FOOD SHORTAGE: A man pushes a cart filled with what […]


8 September 2014

West Ghouta

FOOD SHORTAGE: A man pushes a cart filled with what appears to be jugs of water in Yelda, a town in the Damascus suburbs of West Ghouta, reportedly telling the photographer, “don’t take a picture of my face…everyone sees us but no one takes mercy on us except God.”

“The regime controls how much, and what types of food enter Yelda,” Mohamad al-Halwani, a Yelda resident and photographer told Syria direct Monday, adding that “water is [still] cut off and only reaches a few residential areas.”

The Syrian government imposed a siege around rebel-held Yelda from March 2012 until February 2014 and prevented the entry of food into the village, leading to widespread hunger—as documented by videos and photos uploaded to social media websites by local activists during the famine.

Yelda residents have continued to struggle through harsh living conditions even after a truce was signed between rebel fighters and the regime February 17, which stipulated the unimpeded entry of food, and free travel in and out of the village.

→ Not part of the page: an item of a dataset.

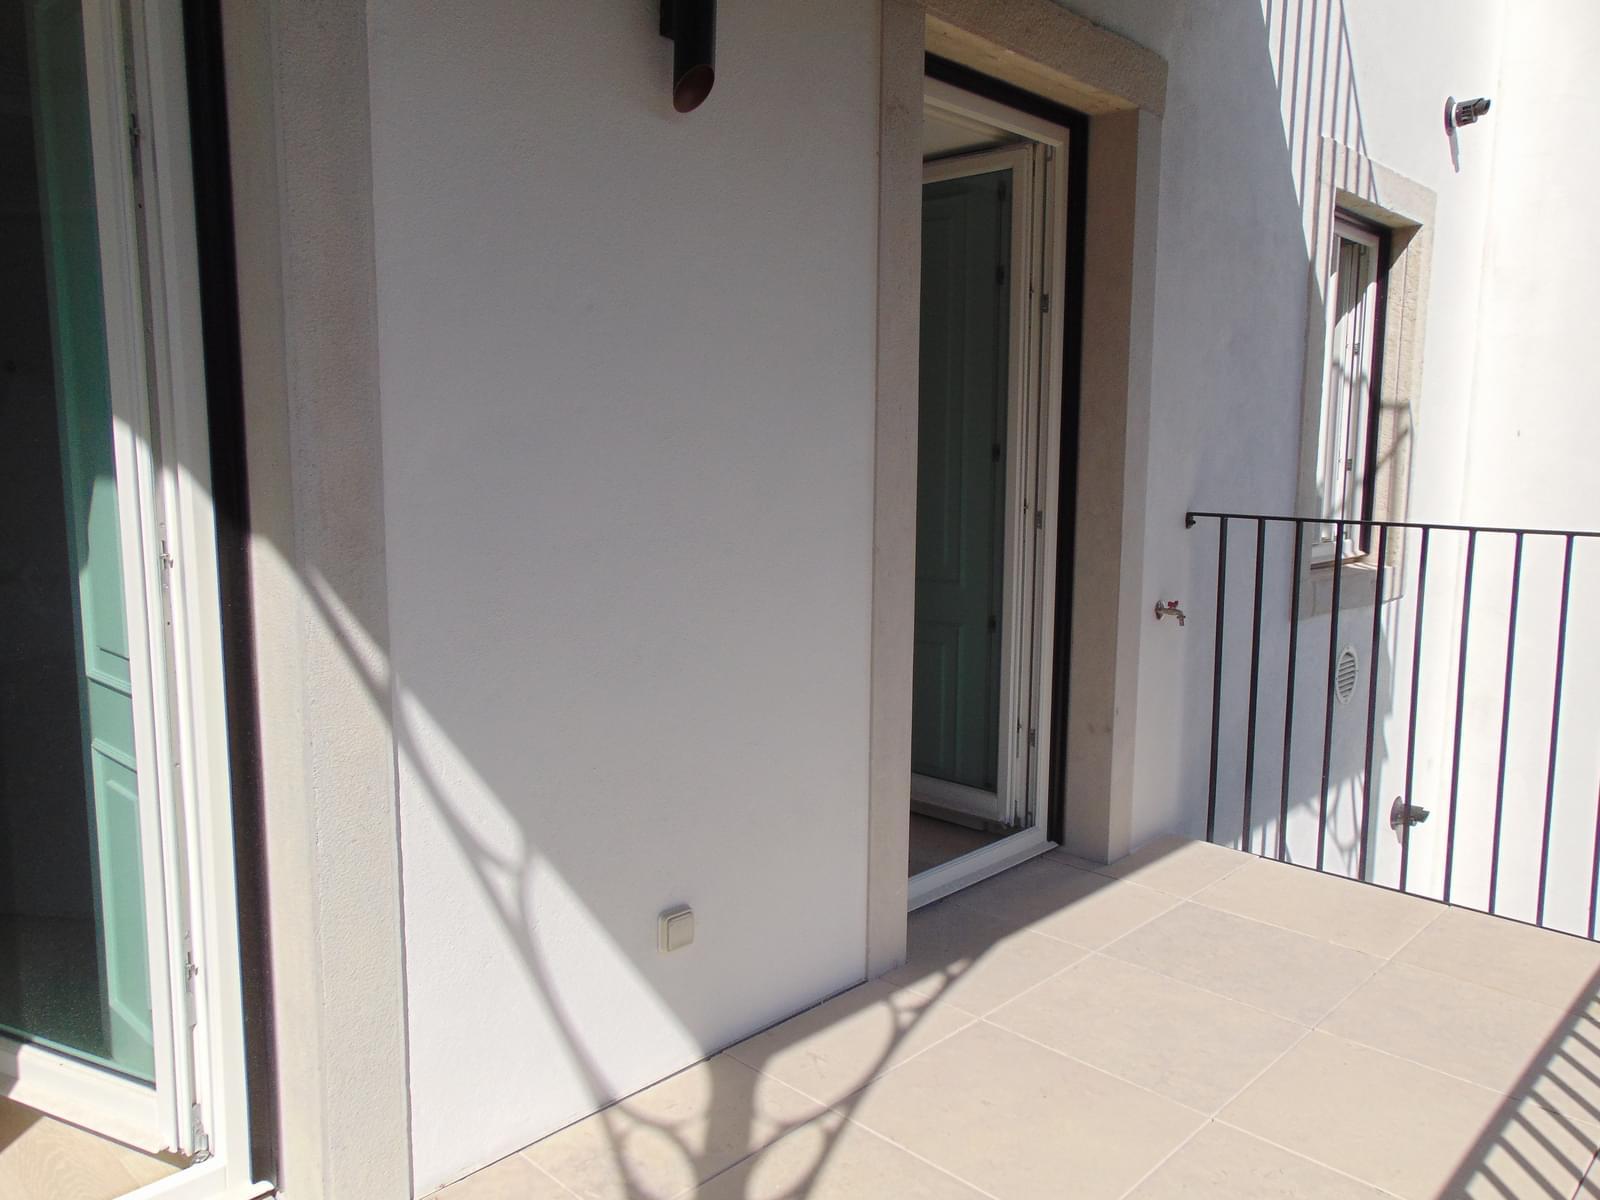 pf18152-apartamento-t2-lisboa-06de946a-9b85-4267-bb91-d7afc68970bb
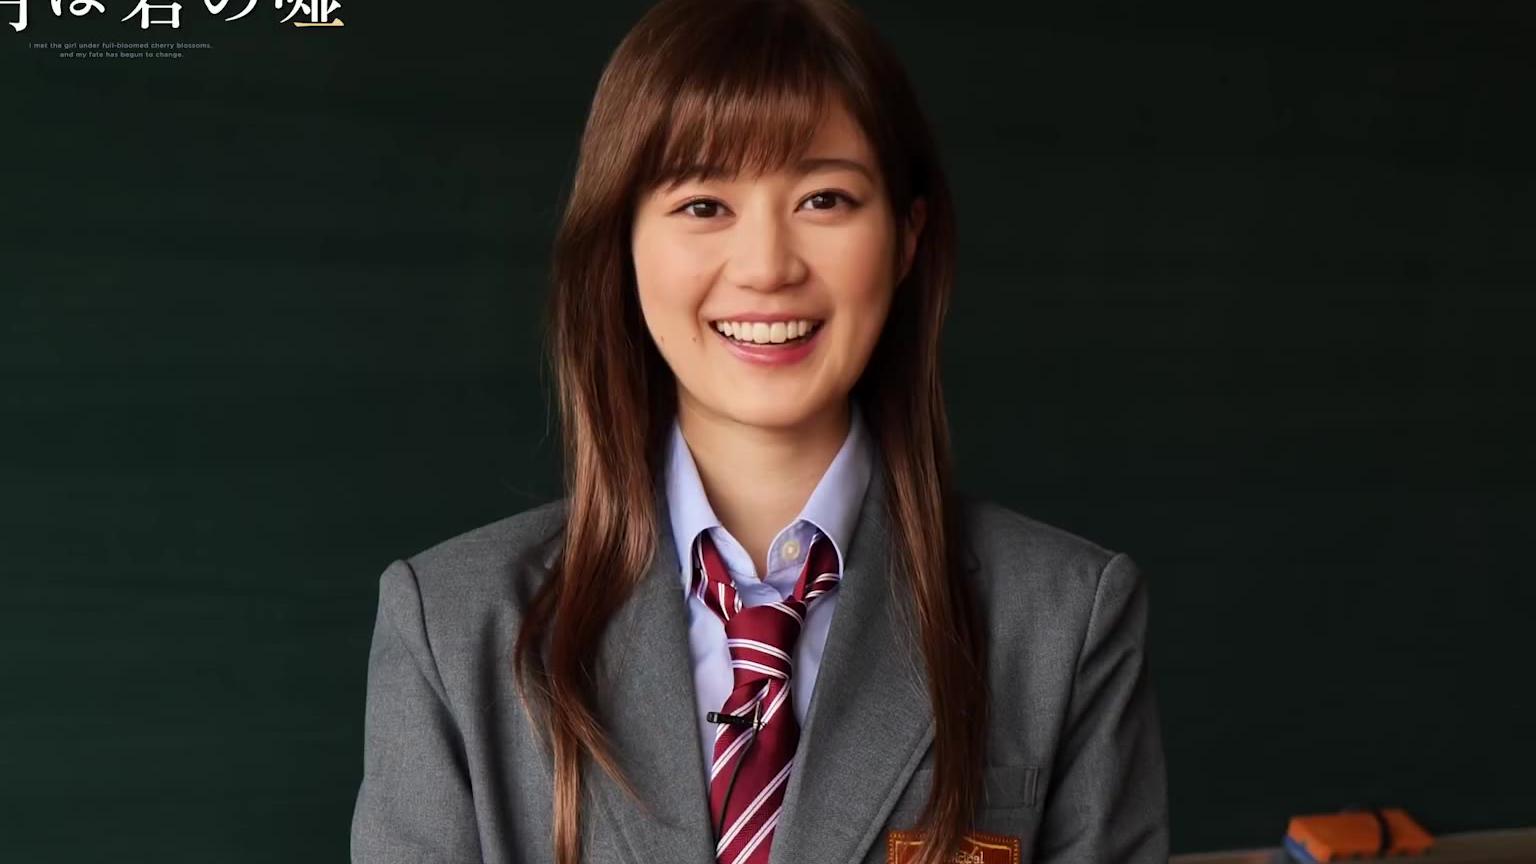 『四月は君の嘘』コメント映像/生田絵梨花

Only 40 percent of residents have the money to purchase what limited quantities of food do enter the town, according to an announcement published Sunday by the Yelda Local Coordination Committee.

Further, electricity is turned on for two hours a day, transportation and fuel are more than twice as expensive than in surrounding areas and residents are still prevented from going to work outside the village by regime-imposed checkpoints.

The people of Yelda have taken new measures to combat hunger, planting small gardens on their roofs and in alleyways.

Under a picture of plants growing next to satellite dishes, which appeared Sunday on the Yelda Local Coordination Committee’s Facebook page, a caption pays tribute to Yelda’s resilience.

“Hunger did not conquer us, we tamed it bit by bit, over time—and so that they don’t betray us again, and fight us again we invented solutions and alternatives.”